§ **Requirement**: Nothing but the lines below from the one that contains "SEM 29462 1K" through the one that contains "Citymar Consultancy logo" should be retyped, exactly and including both ends. Do not include pictures.

§ **Source records**:

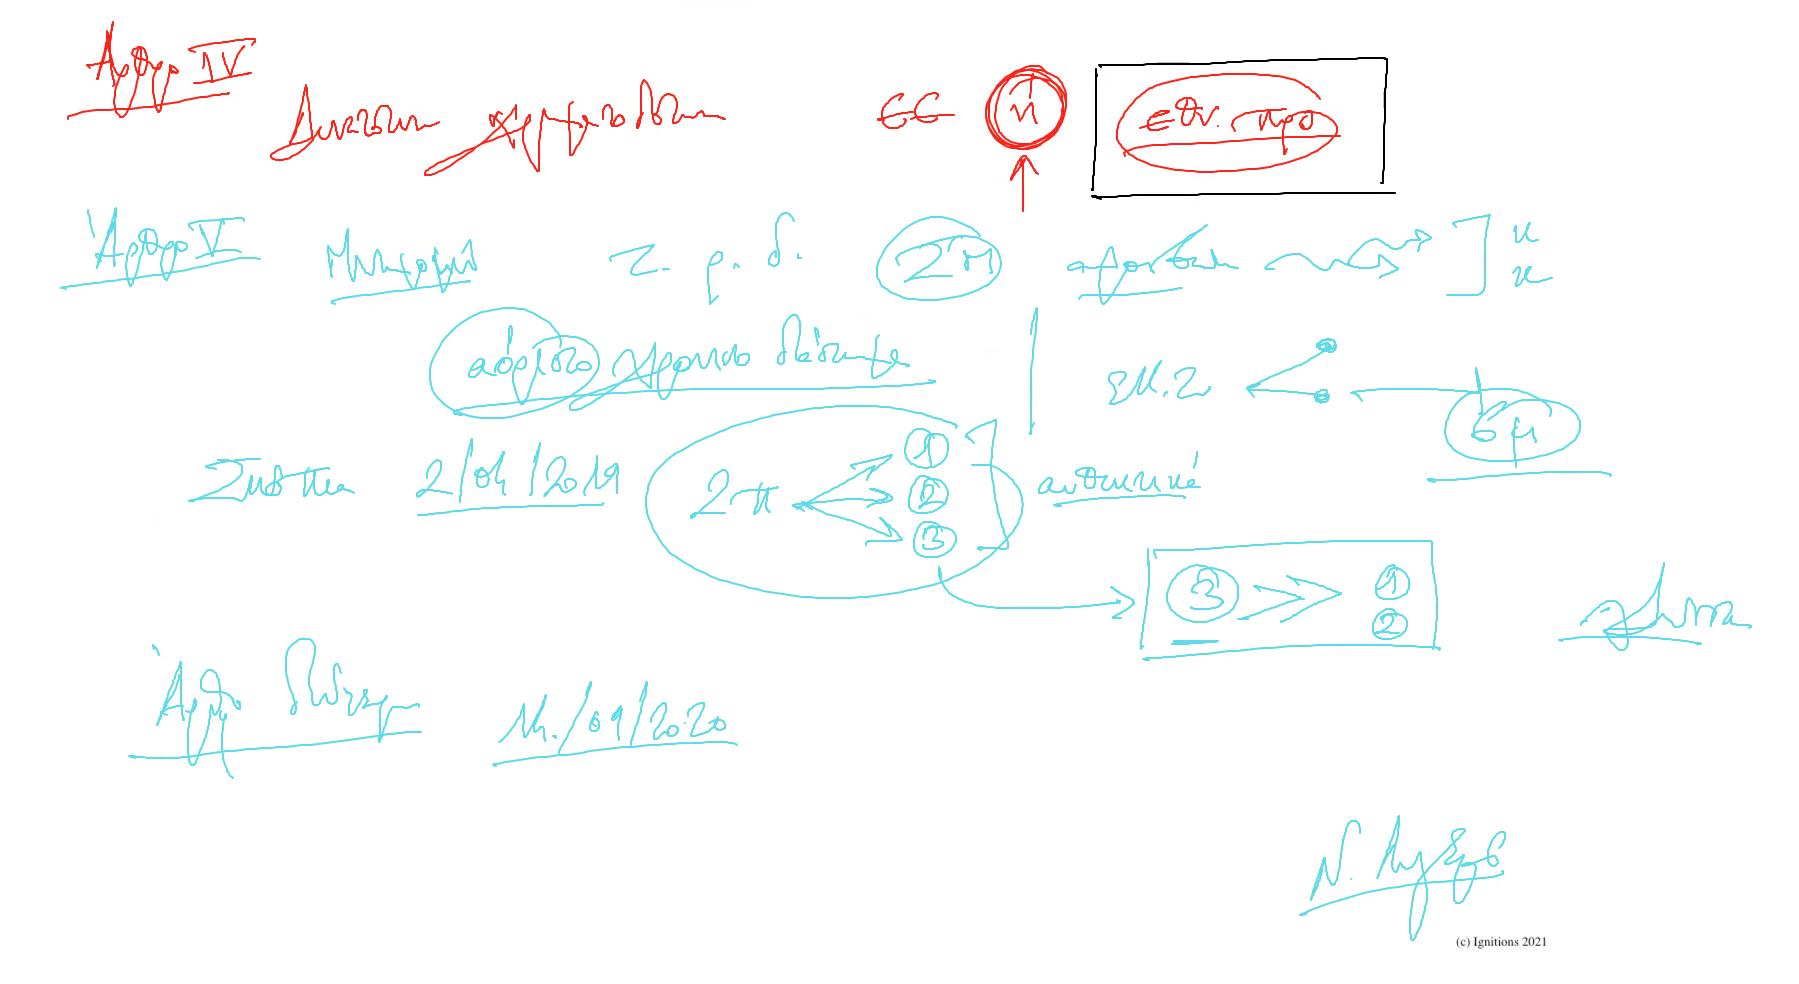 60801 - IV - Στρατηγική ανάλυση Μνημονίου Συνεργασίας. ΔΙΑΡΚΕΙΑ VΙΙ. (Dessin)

--

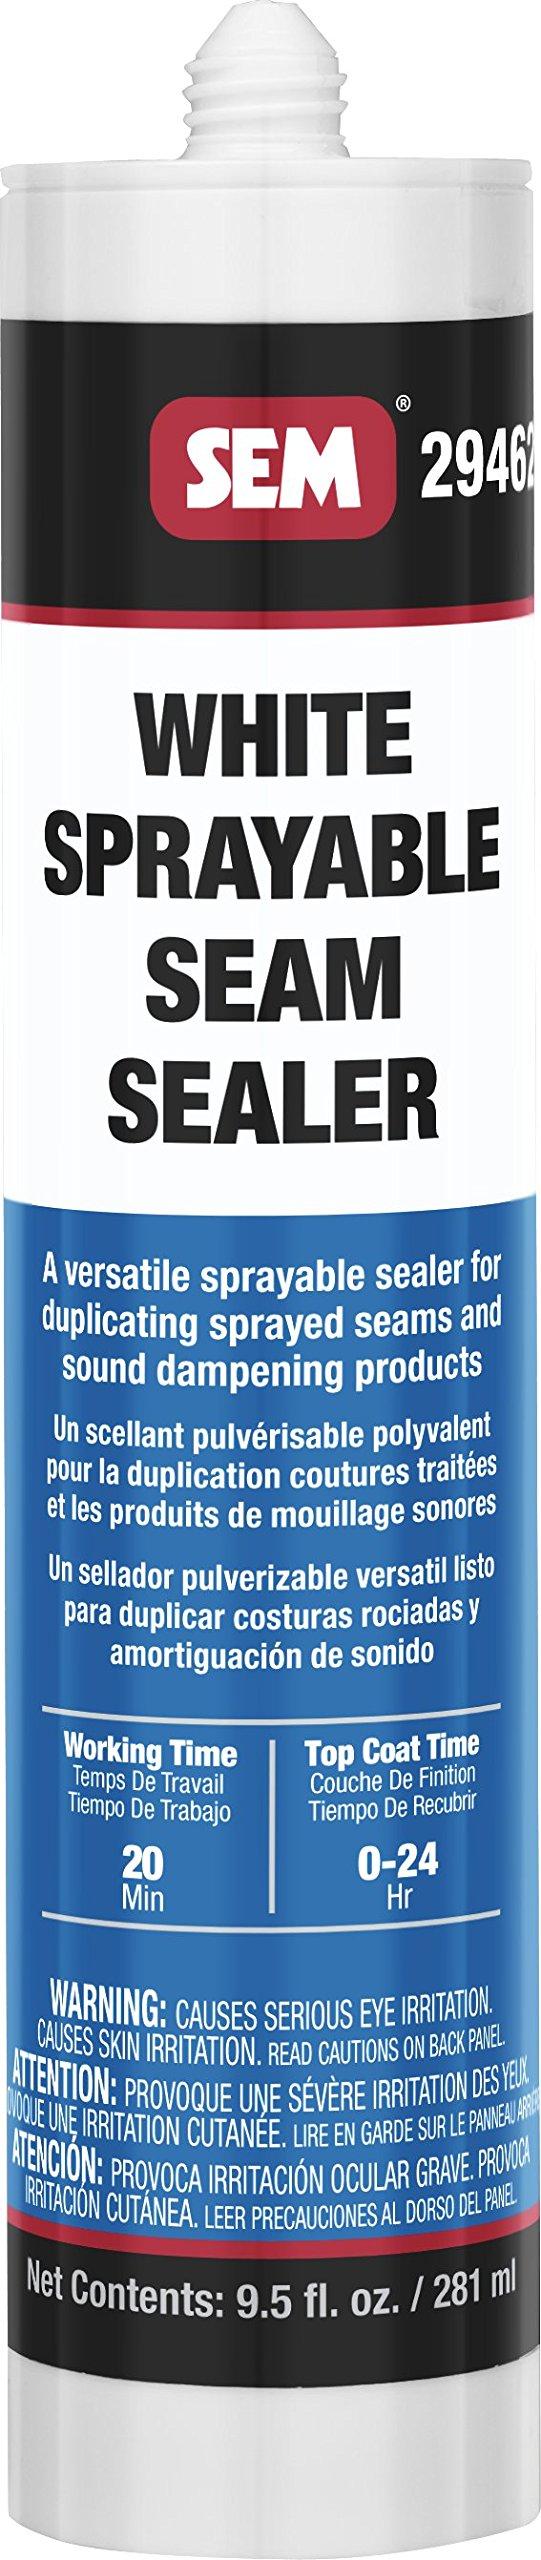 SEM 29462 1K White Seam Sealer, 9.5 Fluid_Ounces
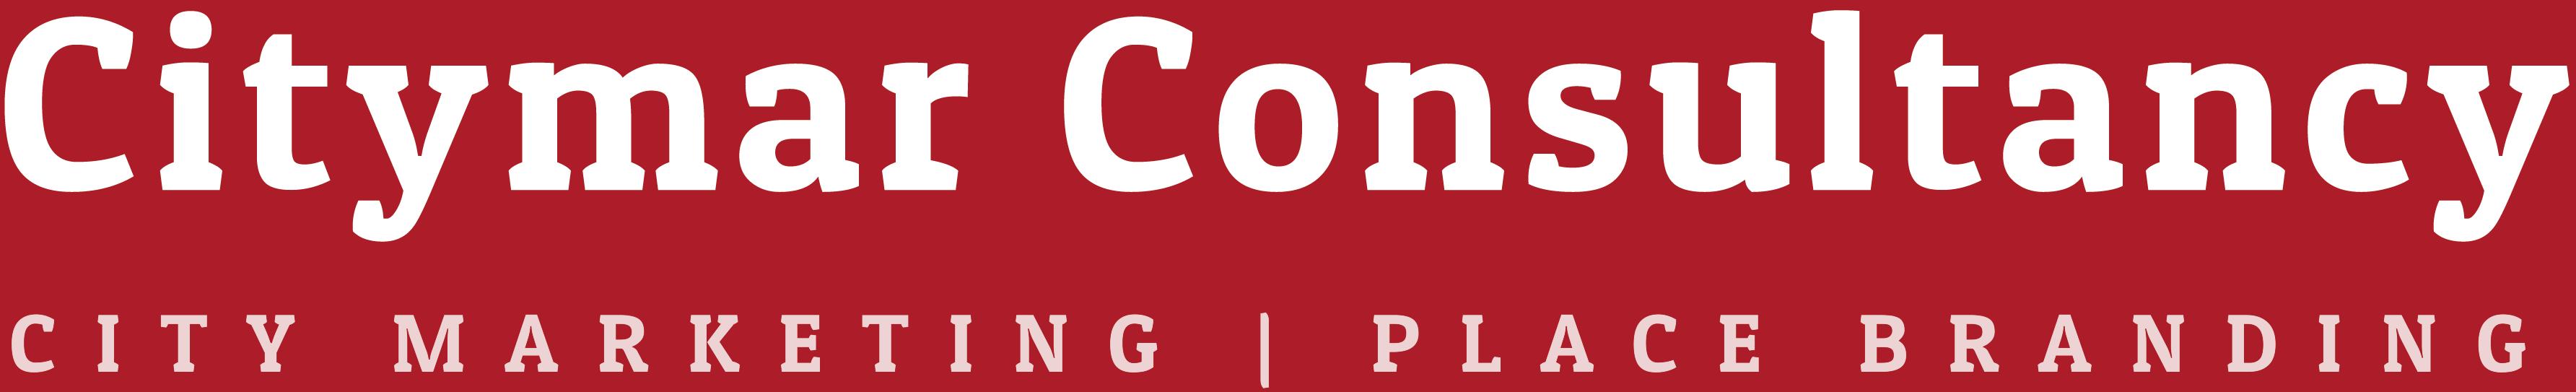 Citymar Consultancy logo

§ **Output below**:
 SEM 29462 1K White Seam Sealer, 9.5 Fluid_Ounces
 Citymar Consultancy logo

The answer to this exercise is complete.